如何建立自訂聊天模型類別

先決條件

本指南假設您熟悉以下概念

聊天模型

在本指南中，我們將學習如何使用 LangChain 抽象概念建立自訂聊天模型。

使用標準 BaseChatModel 介面封裝您的 LLM，讓您可以在現有的 LangChain 程式中使用您的 LLM，且只需進行最少的程式碼修改！

作為額外的好處，您的 LLM 將自動成為 LangChain Runnable，並將受益於一些開箱即用的最佳化 (例如，透過 threadpool 進行批次處理)、非同步支援、astream_events API 等。

輸入和輸出

首先，我們需要討論訊息，這是聊天模型的輸入和輸出。

訊息

聊天模型將訊息作為輸入，並傳回訊息作為輸出。

LangChain 有一些內建訊息類型

訊息類型	描述
`SystemMessage`	用於啟動 AI 行為，通常作為一系列輸入訊息的第一個傳入。
`HumanMessage`	表示來自與聊天模型互動的人員的訊息。
`AIMessage`	表示來自聊天模型的訊息。這可以是文字或調用工具的請求。
`FunctionMessage` / `ToolMessage`	用於將工具調用結果傳回模型的訊息。
`AIMessageChunk` / `HumanMessageChunk` / ...	每種訊息類型的區塊變體。

注意

ToolMessage 和 FunctionMessage 密切遵循 OpenAI 的 function 和 tool 角色。

這是一個快速發展的領域，隨著越來越多的模型新增函數調用功能。預計此架構將會新增內容。

from langchain_core.messages import (
    AIMessage,
    BaseMessage,
    FunctionMessage,
    HumanMessage,
    SystemMessage,
    ToolMessage,
)

串流變體

所有聊天訊息都有一個串流變體，名稱中包含 Chunk。

from langchain_core.messages import (
    AIMessageChunk,
    FunctionMessageChunk,
    HumanMessageChunk,
    SystemMessageChunk,
    ToolMessageChunk,
)

API 參考：AIMessageChunk | FunctionMessageChunk | HumanMessageChunk | SystemMessageChunk | ToolMessageChunk

這些區塊在從聊天模型串流輸出時使用，它們都定義了一個附加屬性！

AIMessageChunk(content="Hello") + AIMessageChunk(content=" World!")
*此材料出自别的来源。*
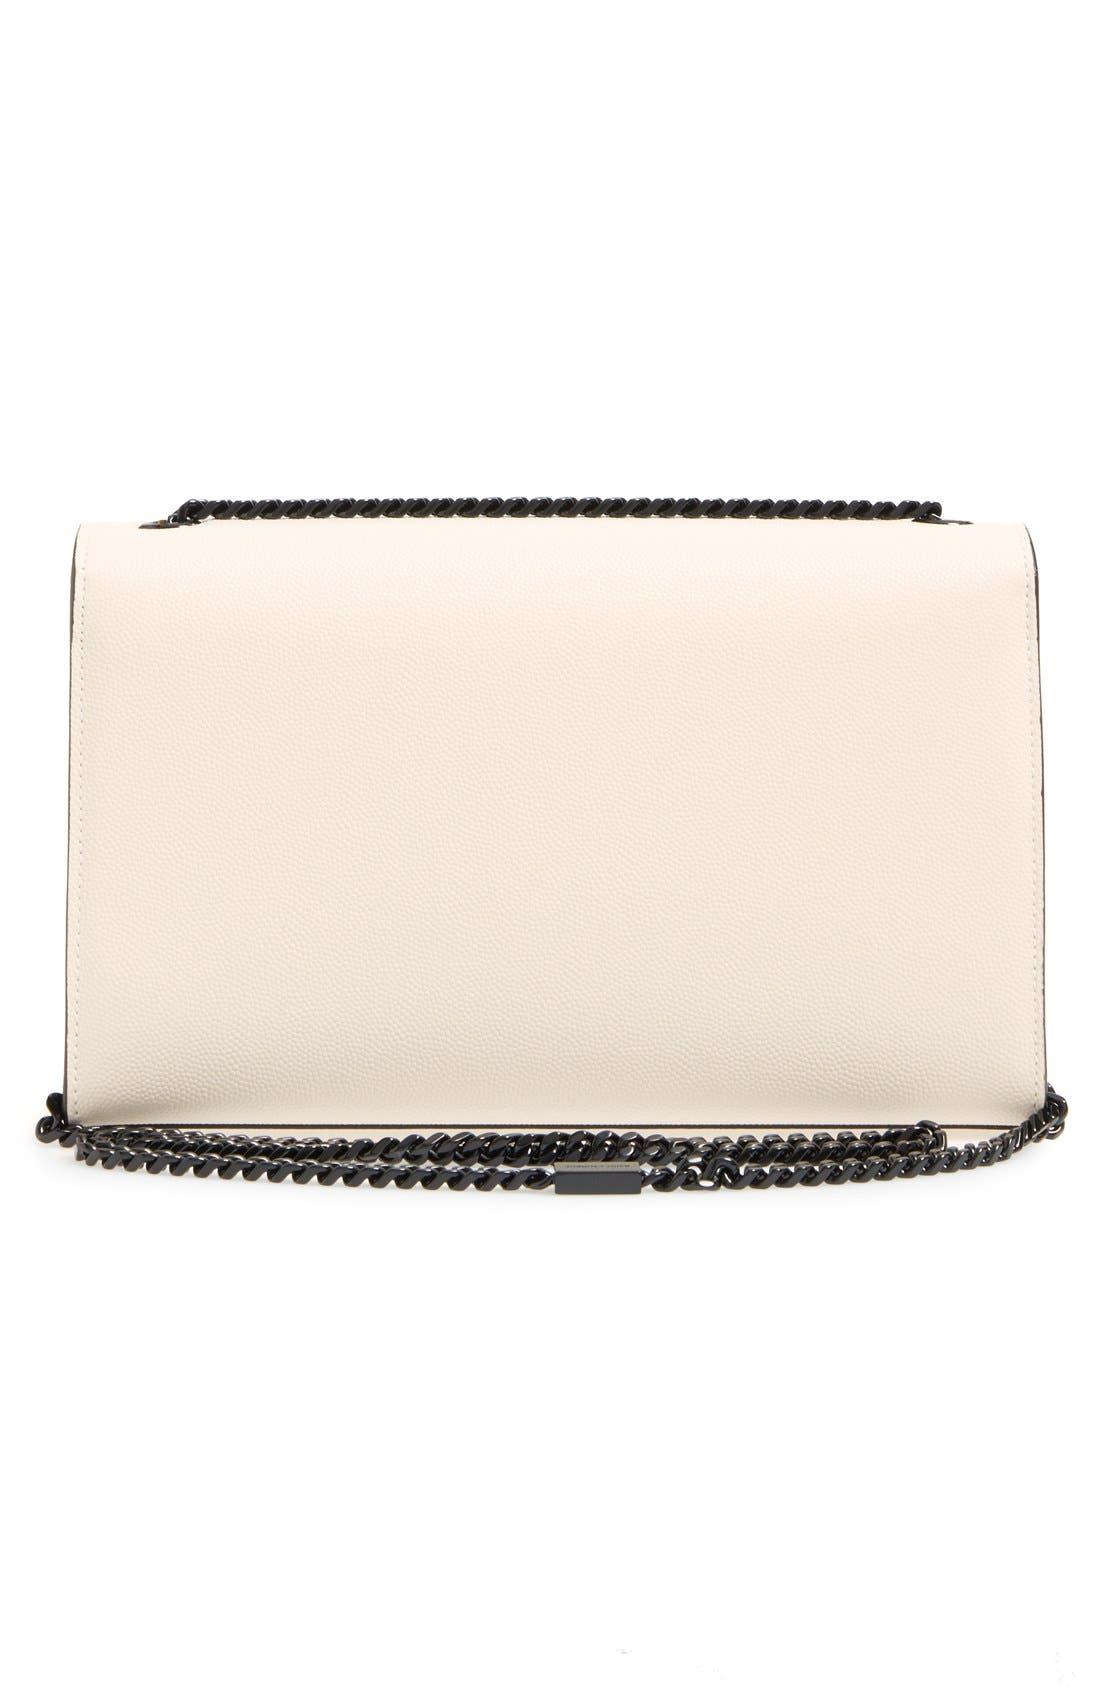 Alternate Image 2  - Saint Laurent 'Medium Kate' Calfskin Leather Crossbody Bag
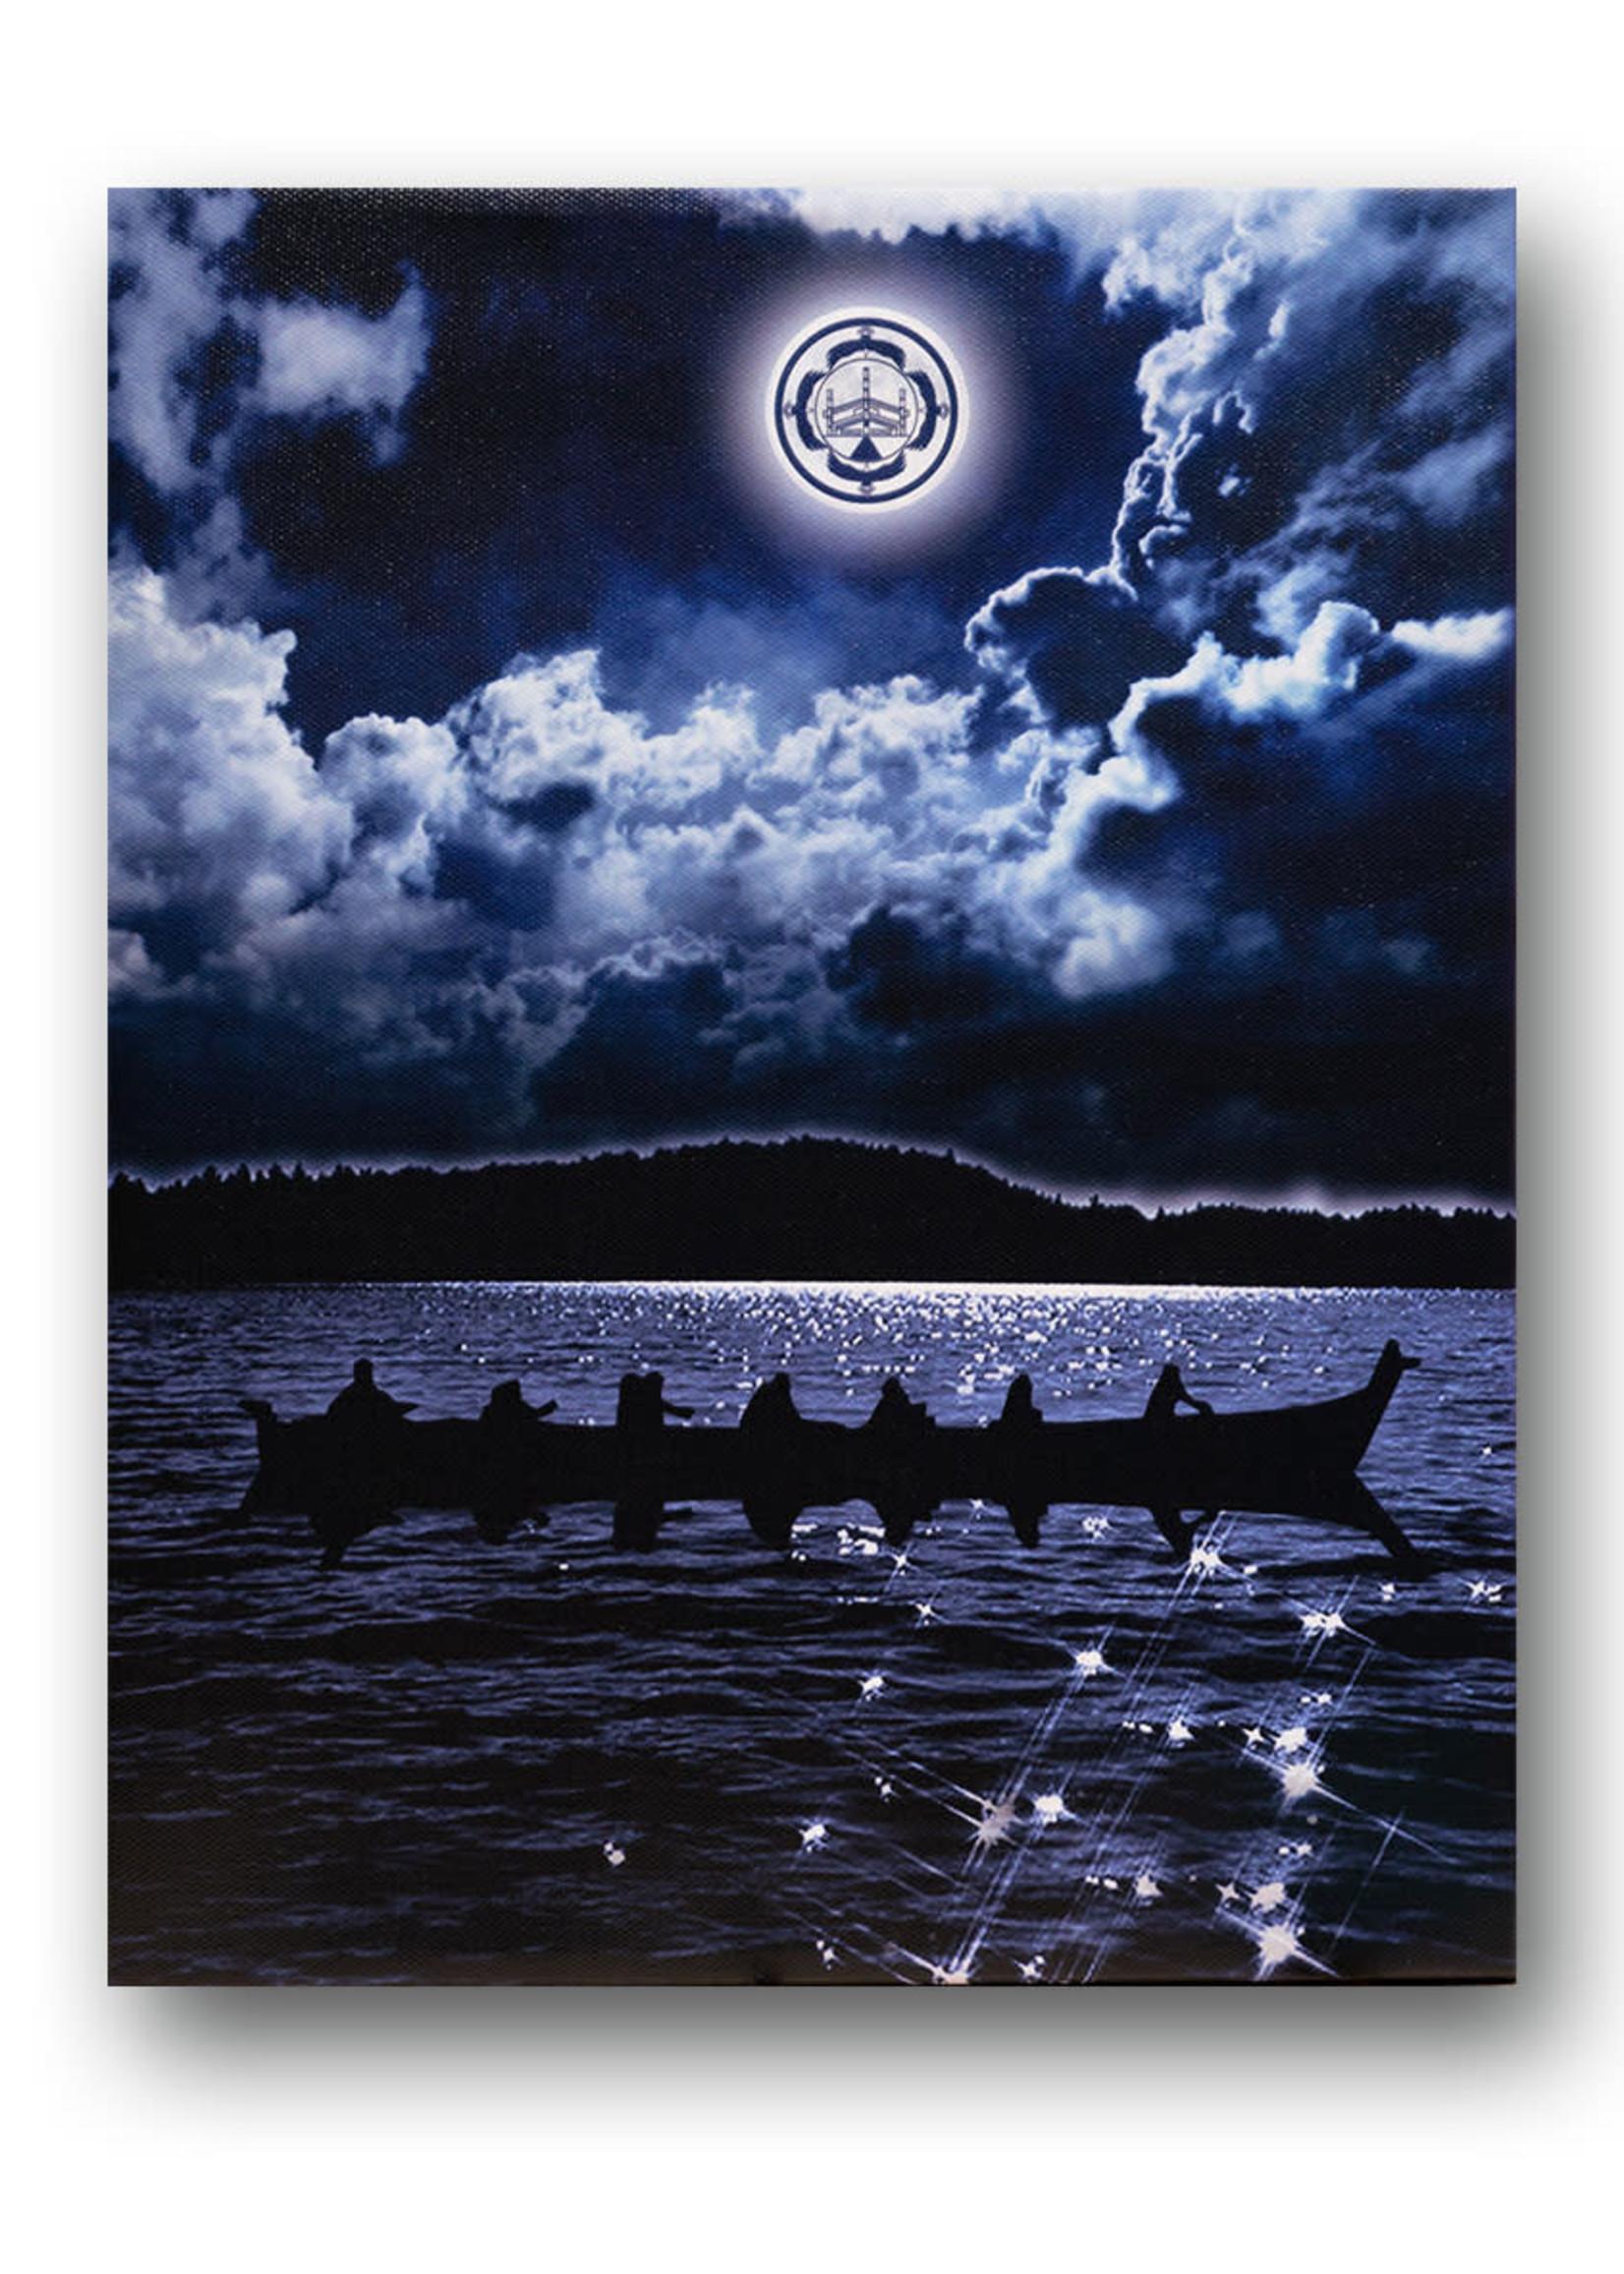 Circle of Eagles Kwa Kwem Tn by Moonlight Canvas 11x14

AIMessageChunk(content='Hello World!')

基礎聊天模型

讓我們實作一個聊天模型，該模型會回音提示中最後一則訊息的前 n 個字元！

為此，我們將繼承自 BaseChatModel，並且需要實作以下內容

方法/屬性	描述	必要/選用
`_generate`	用於從提示產生聊天結果	必要
`_llm_type` (屬性)	用於唯一識別模型類型。用於記錄。	必要
`_identifying_params` (屬性)	表示用於追蹤目的的模型參數化。	選用
`_stream`	用於實作串流。	選用
`_agenerate`	用於實作原生非同步方法。	選用
`_astream`	用於實作 `_stream` 的非同步版本。	選用

提示

如果已實作 _stream，則 _astream 實作會使用 run_in_executor 在單獨的執行緒中啟動同步 _stream，否則會回退使用 _agenerate。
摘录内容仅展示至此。